From definition of terrorism to punishment for hit-and-run cases: Key highlights of 3 new criminal laws

Lok Sabha, New criminal laws
Image Source : PTI Union Home Minister Amit Shah speaks in the Lok Sabha during the Winter session of Parliament.

Amid the ongoing Winter Session of Parliament, the Lok Sabha on Wednesday passed three significant bills to replace the Indian Penal Code, Code of Criminal Procedure and Indian Evidence Act. Replying to the debate on the three bills, Union Home Minister Amit Shah the legislations are in consonance with the spirit of the Constitution. 

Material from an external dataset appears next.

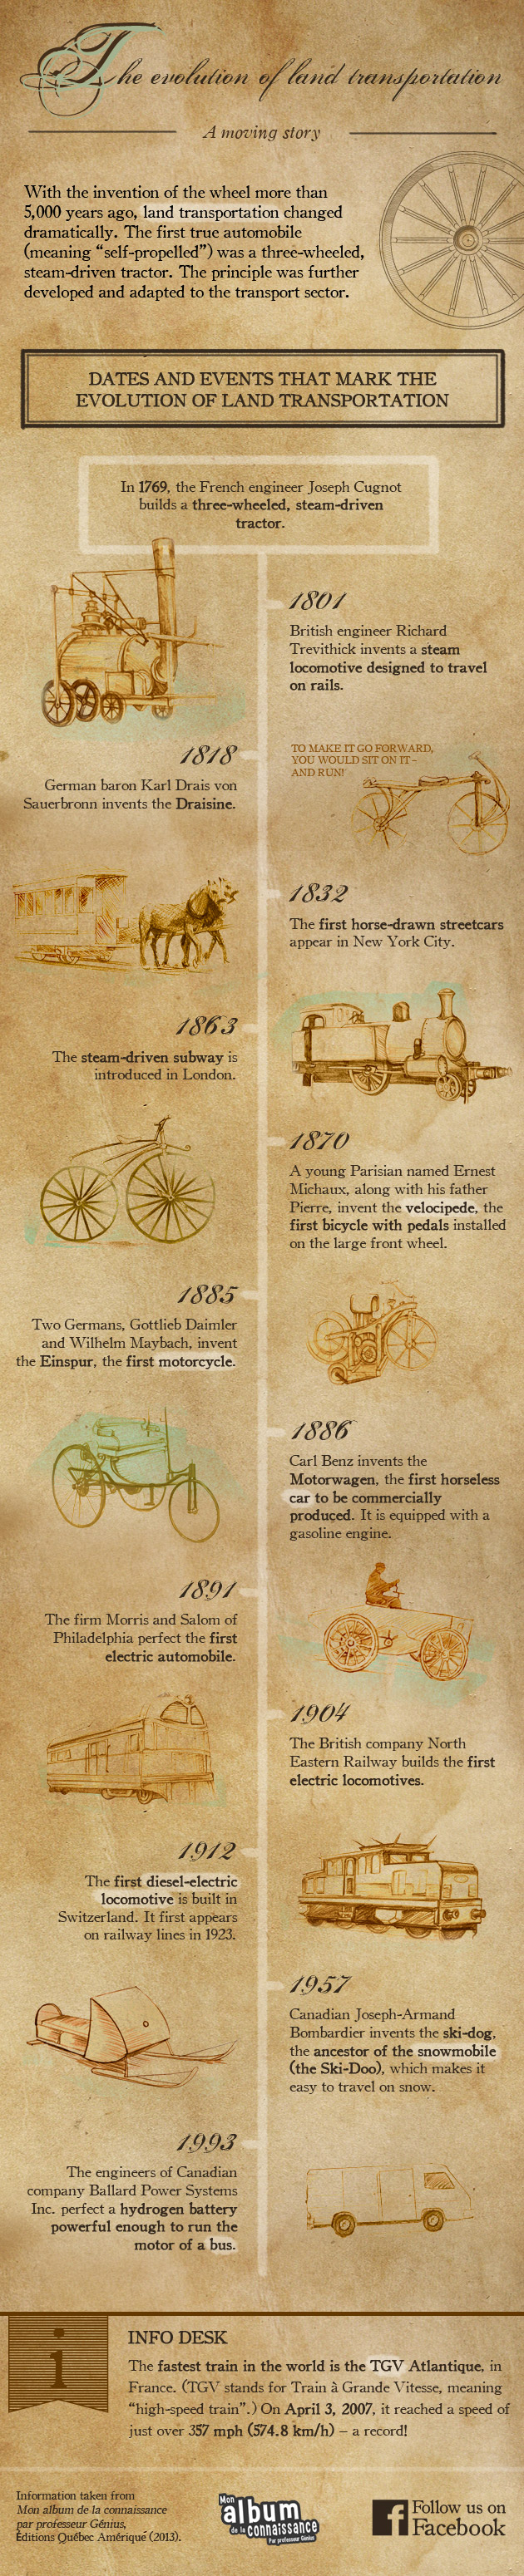 Infographic: The evolution of land transportation
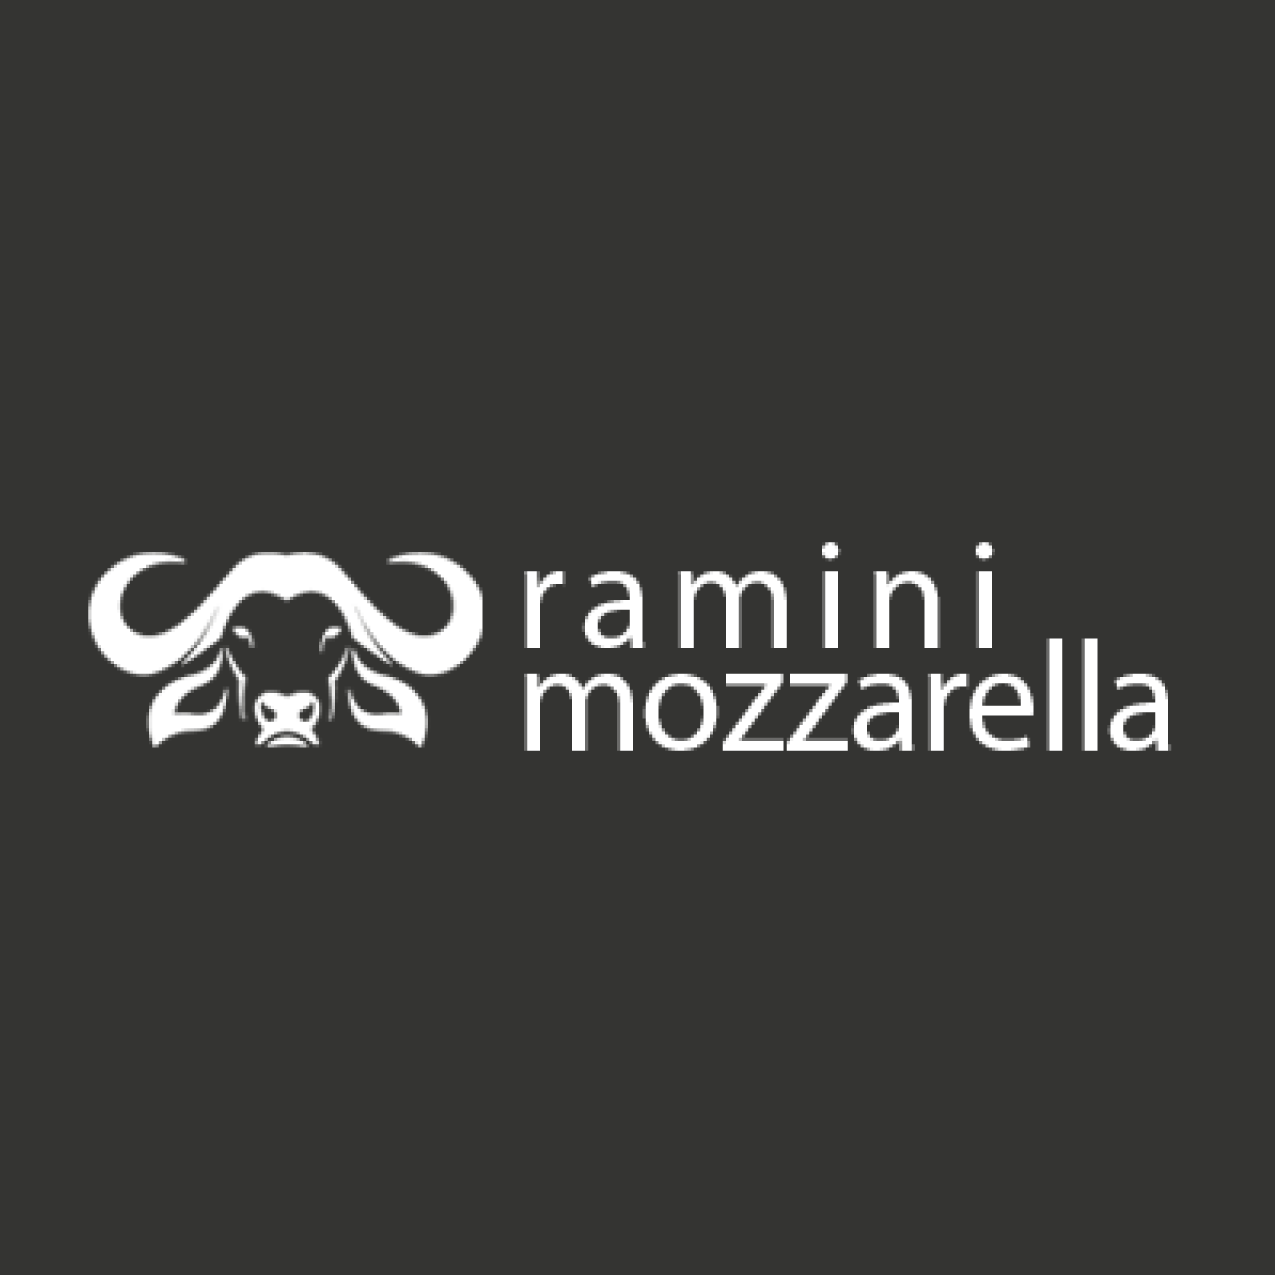 Ramini Mozzarella Logo

Here are three key bills passed by Lok Sabha: 

  • Bharatiya Nyaya (Second) Sanhita 2023
  • Bharatiya Nagarik Suraksha (Second) Sanhita 2023
  • Bharatiya Sakshya (Second) Bill 2023

These bills will replace the Indian Penal Code-1860, the Code of Criminal Procedure Act-1898, and the Indian Evidence Act of 1872, respectively. Speaking in the House, Shah said the proposed laws were framed after comprehensive consultations and that he had gone through every comma and full stop of the draft legislations before bringing them before the House for approval.

Bharatiya Nyaya (Second) Sanhita 2023: Key points

  • It retains most offences from the IPC and adds community service as a form of punishment.
  • It adds terrorism as an offence.  It is defined as an act that intends to threaten the unity, integrity, security or economic security of the country, or strike terror in the people.
  • Organised crime has been added as an offence such as kidnapping, extortion and cyber-crime committed on behalf of a crime syndicate.  
  • The bill removes sedition as an offence. Instead, there is a new offence for acts jeopardising the sovereignty, unity and integrity of India. ‘Rajdroh’ has been changed as ‘deshdroh’
  • Murder by a group of five or more people (mob lynching) because of a certain identification identity, such as caste, language, or personal belief, is punishable by life in prison or death as well as a fine.
  • It is now mandatory for the victim of sexual assault to have their statement recorded on audio and video.
  • The maximum sentence for “Hit and Run” is ten years in jail. However, there will be less punishment if the culprit takes the victim to the hospital or police after the accident.
  • ‘Community service’ has been added as an alternative to imprisonment for a number of minor offences.
  • Provisions made for Zero FIR registration. The victim is not required to approach the jurisdictional police station; they may approach any police station. The FIR will be transferred to the jurisdictional police station within 24 hours.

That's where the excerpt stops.